Advantages of Cross-pollination

• The children are healthier
• Seeds are produced in greater quantities and are more viable
• The seeds develop and germinate properly, resulting in healthier plants
• Cross-pollination between two different varieties of the same species, or even two species, results in new varieties

Disadvantages of Cross-pollination

• It is not always certain because a pollinator is always required and may or may not be available at the appropriate time
• Pollen grains must be abundant in order for pollination to occur and as a result, a lot of pollen is wasted
• It is uneconomical for plants because they must produce large, perfumed flowers with nectar to attract insects

Conclusion

The process of applying pollen from one flower to the pistils of another flower is known as cross-pollination. Pollination occurs naturally through the use of insects and wind. Cross-pollination, also known as hierogamy, is a type of pollination in which sperm-laden pollen grains are transferred from one plant’s cones or flowers to another’s egg-bearing cones or flowers. Cross-pollination, also known as hierogamy, is a type of pollination in which sperm-laden pollen grains are transferred from one plant’s cones or flowers to another’s egg-bearing cones or flowers. Cross-pollination occurs in both angiosperms (flowering plants) and gymnosperms (cone-bearing plants), and it aids in cross-fertilization and outbreeding. Many flowering plants have evolved to limit self-pollination while allowing for cross-pollination. Heterostyly, or variation in the length of the style, is a structural feature of flowers that discourages selfing (neck of the pistil).
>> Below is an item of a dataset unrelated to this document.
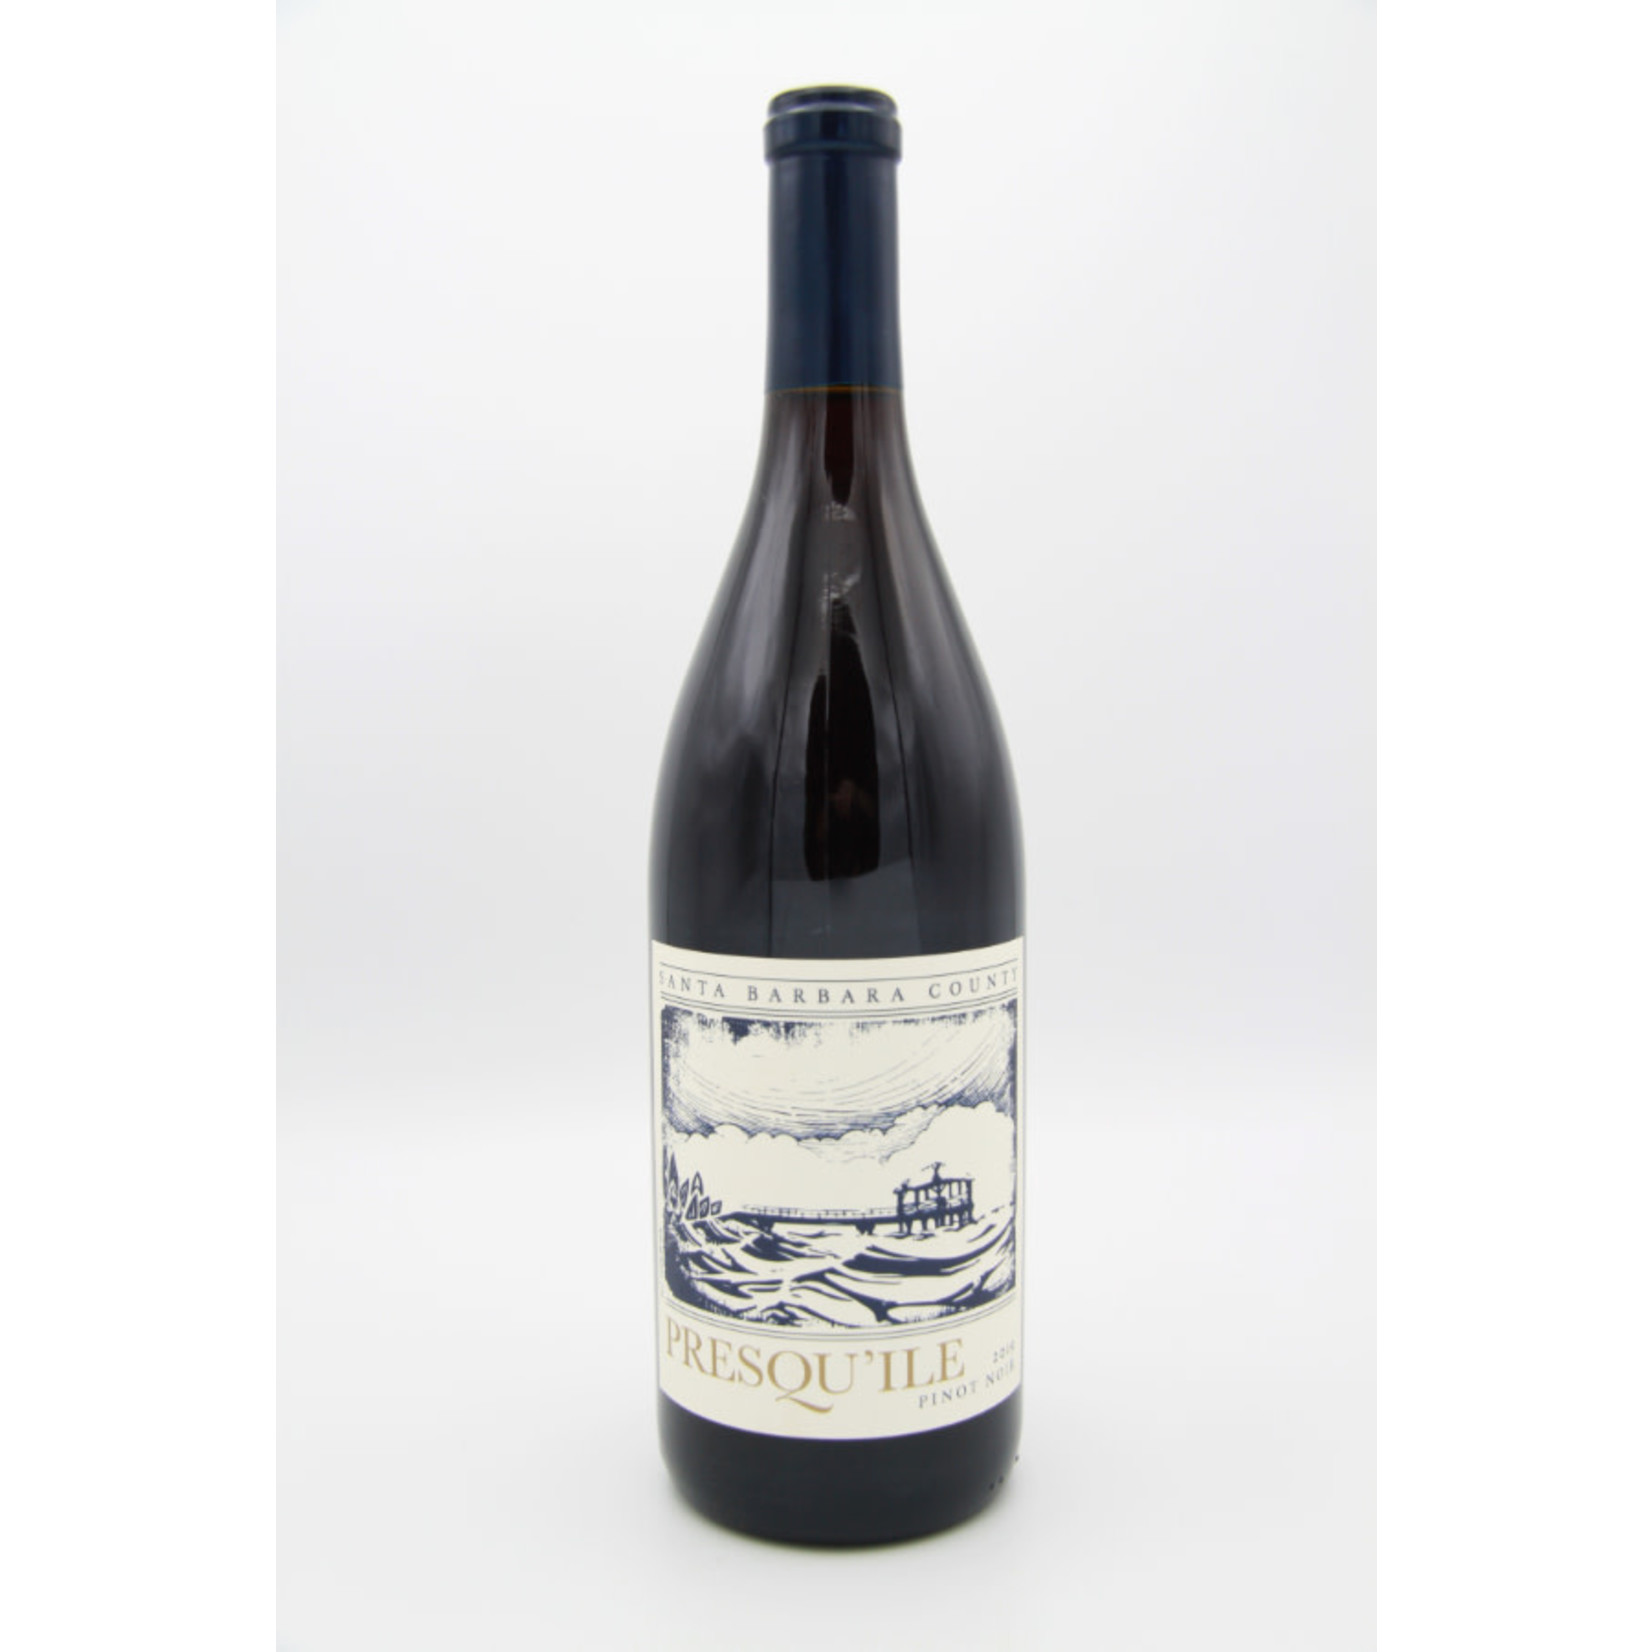 2019 Presqu'ile Santa Barbara County Pinot Noir

This is seen in common primrose (Primula vulgaris), wood sorrel (Oxalis), and flax (Linum usitatissimum). Another mechanism for preventing self-fertilization is chemical self-incompatibility. In this phenomenon, which is dependent on chemical substances within the plant, pollen may fail to grow on a stigma of the same flower that produced it, or the pollen tube may fail to grow normally down the style to affect fertilisation after germinations.